1 Timothy 2:13-15 How Eve and Paul were alike, by Bruce C. E. Fleming
The focus of this episode is: 1 Timothy 2:13-15 How Eve and Paul were alike
“What’s this Dad?” I asked picking up the flat and pointed piece of chipped stone. “That’s an arrowhead son,” he replied. “What’s it doing here, Dad?” “Ahh. That’s a great question!”
“What’s this doing here?” is what many ask when they come across the verses that are numbered as 1 Timothy 2:13-15. They ask, “Why do we find these words in this place?” One could say we have several figurative arrowheads to consider in these verses.
- Why does Paul here bring up the Garden of Eden, and Adam and Eve?
- Did they have something to do with the wayward women leaders Timothy was correcting in Ephesus? What?

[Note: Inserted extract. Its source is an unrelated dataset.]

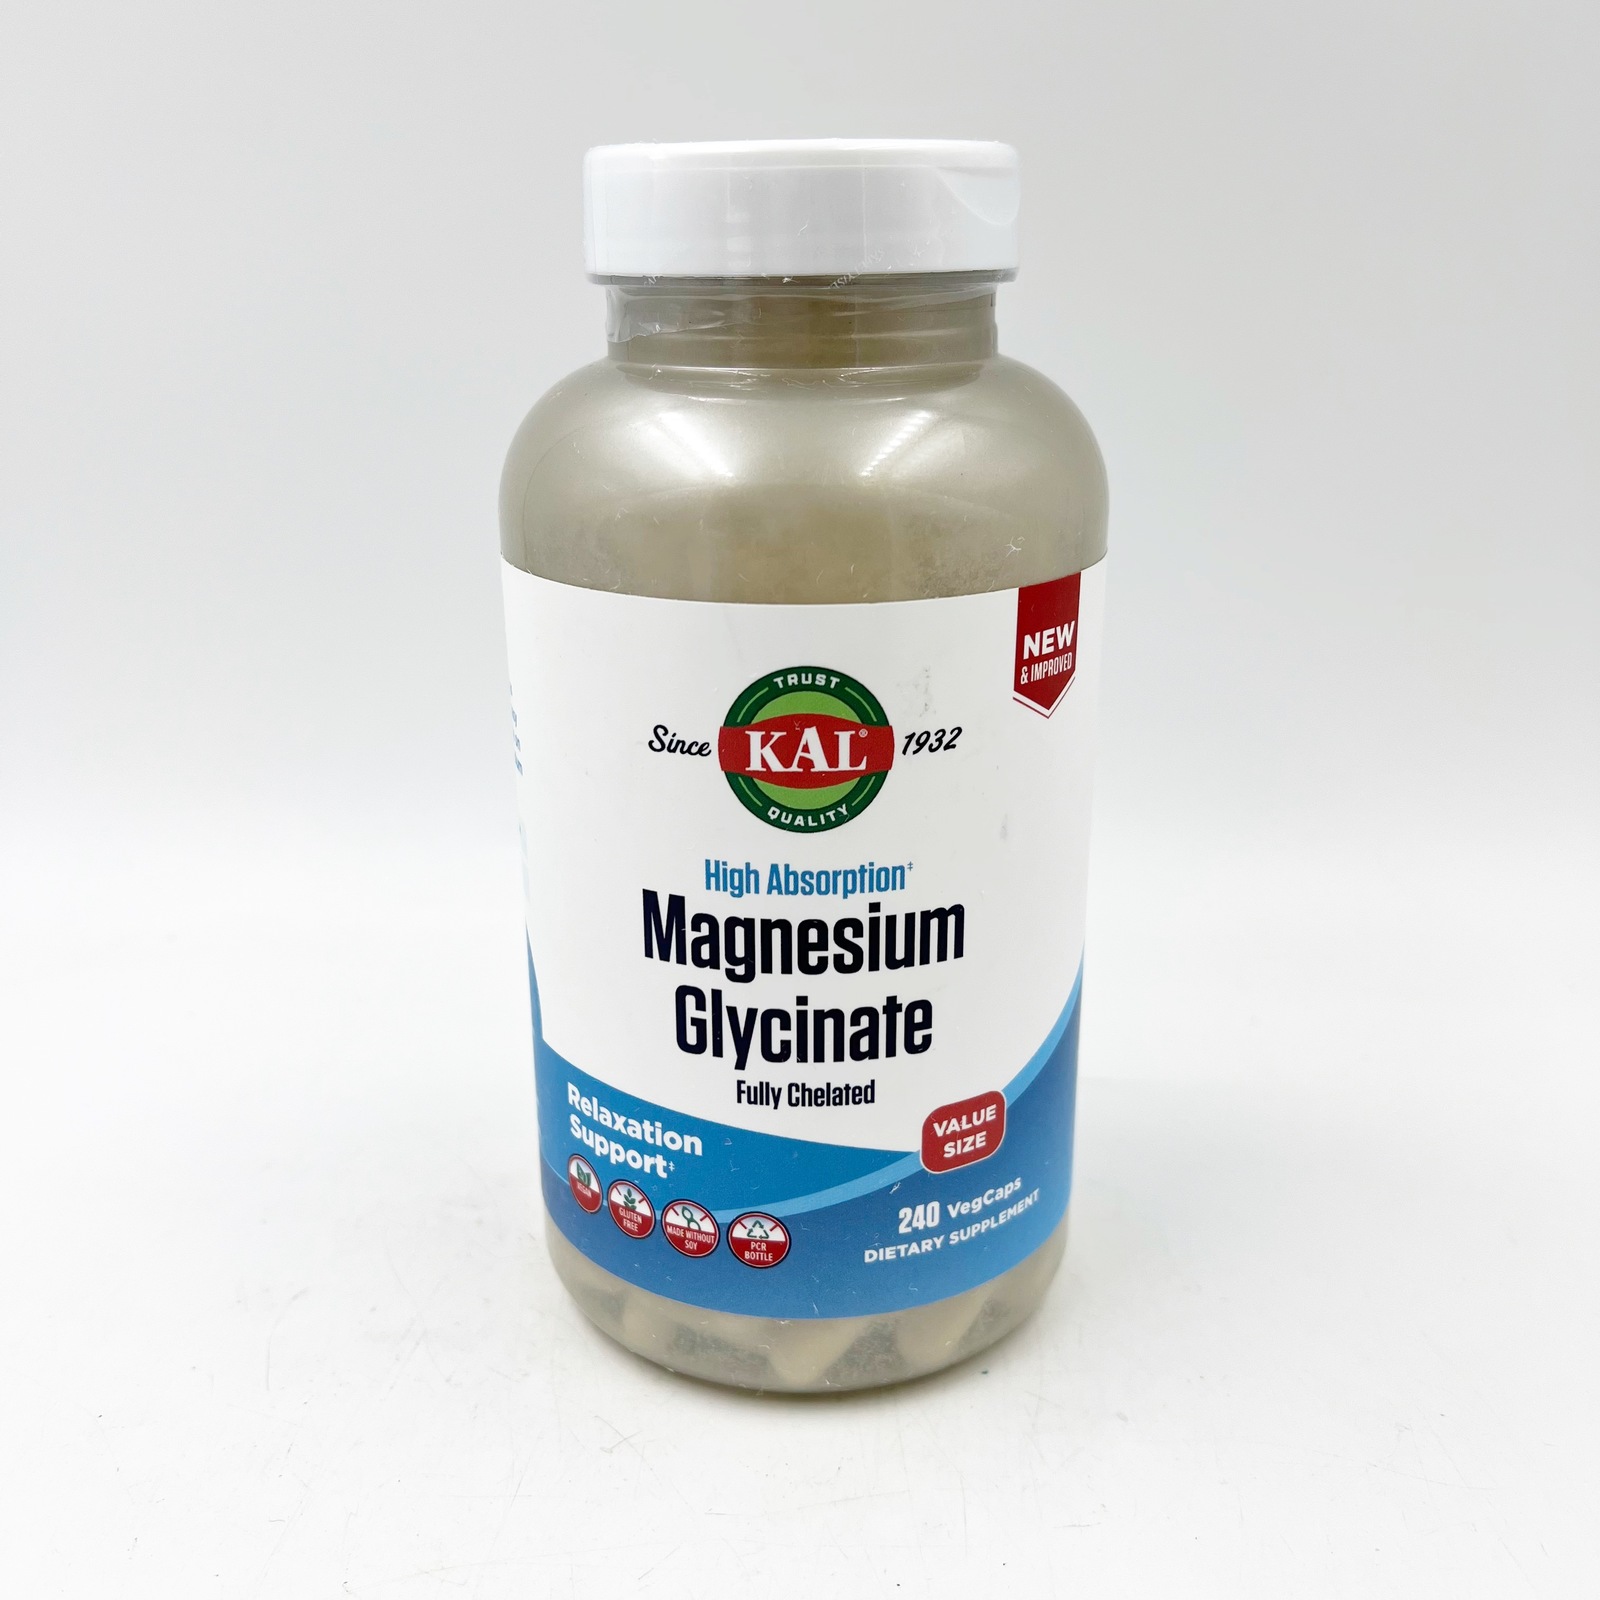 KAL Magnesium Glycinate, Fully Chelated 240 Count Exp 7/25 - $19.99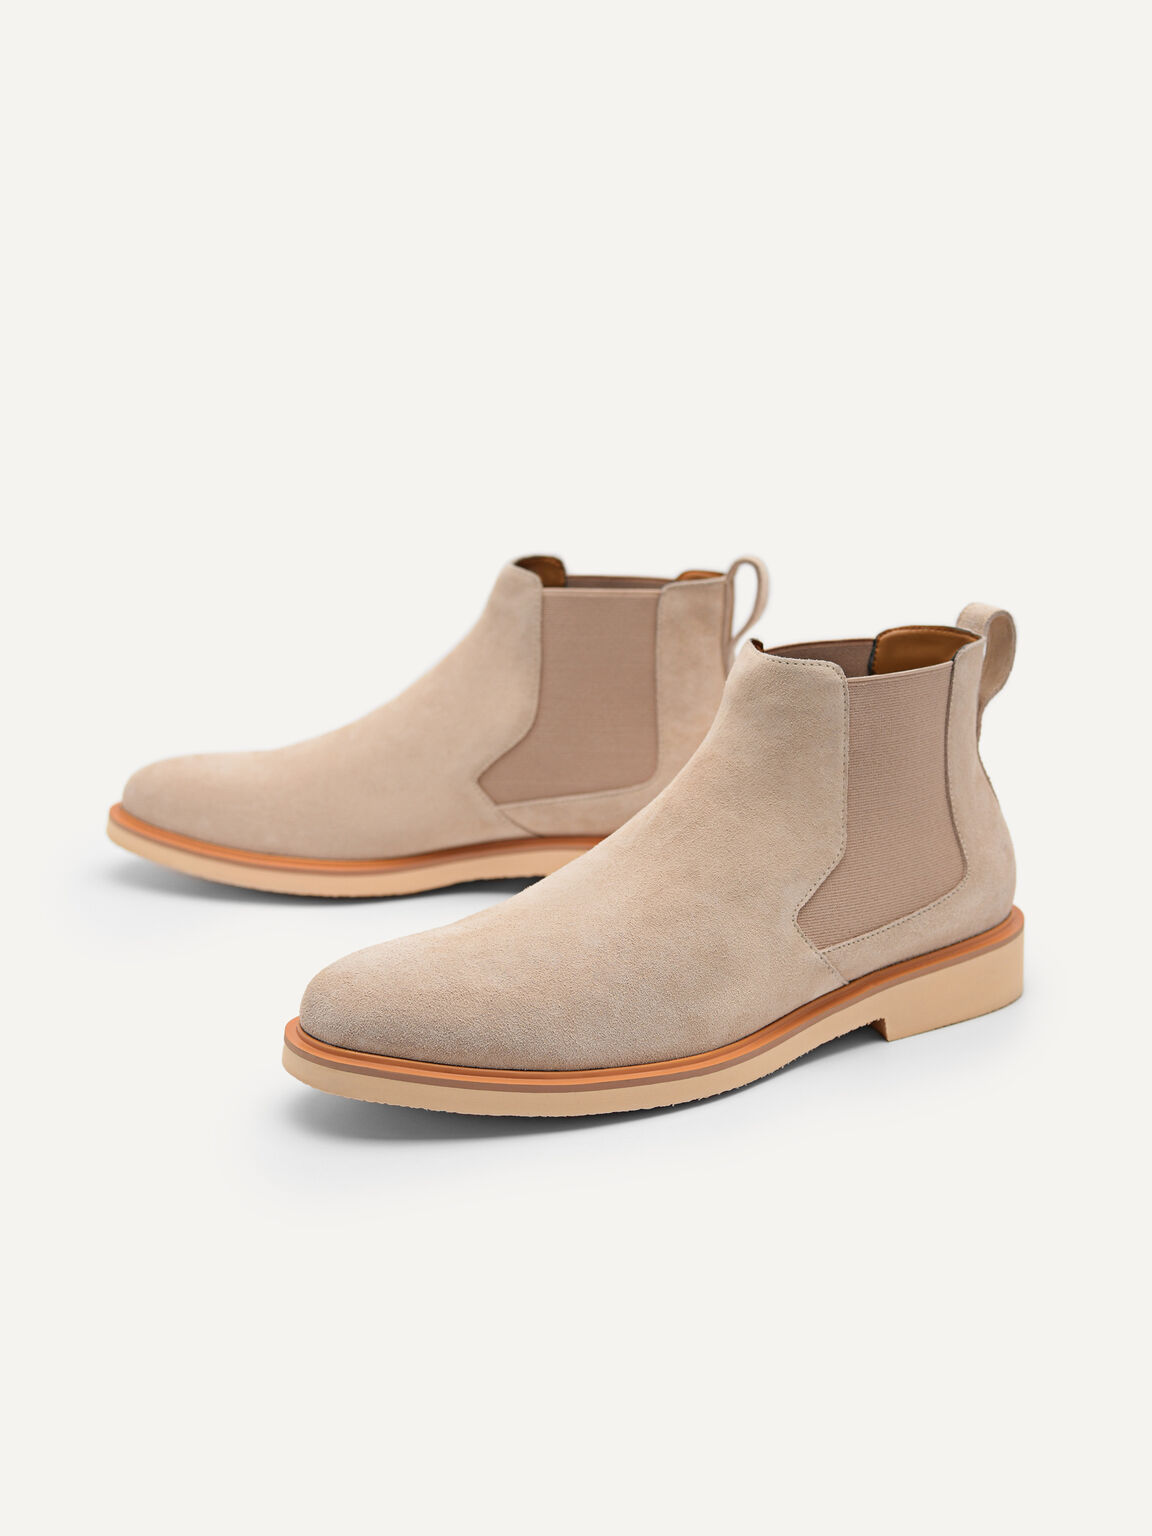 Beige Leather Ankle Boots, Beige

- Where in the text does the reference to Eden end in these verses?
- Why does Paul bring up the birth of The Child in verse 15?
- And who are “they” at the end of verse 15b?
These questions can all be answered. We can answer them now because we have asked the right questions.
We can answer them because we have looked at the context and the main actions Paul is recommending in 1 Timothy 2:8 to 3:16. We can answer them because we are not off-the-track wandering in the weeds looking for the answers to the wrong questions, which I’m afraid so many have done.
Let’s look at the literary structure of the passage as Paul presented these ideas. As we do we see where verses 13-15 belong in the development of Paul’s thought. He has not written a linear progression of ideas in a 1, 2, 3 manner. He has written using a rainbow pattern of parallel ideas. The main idea is in the middle. On either side are ideas that echo and complete each other.
Because verse 9 has no verb and begins with “likewise” we have to start back in verse 8. Then come verses 9-15 which are Paul’s focused advice about correcting-in-order-to-restore-to-ministry the subgroup of wayward women overseers in Ephesus.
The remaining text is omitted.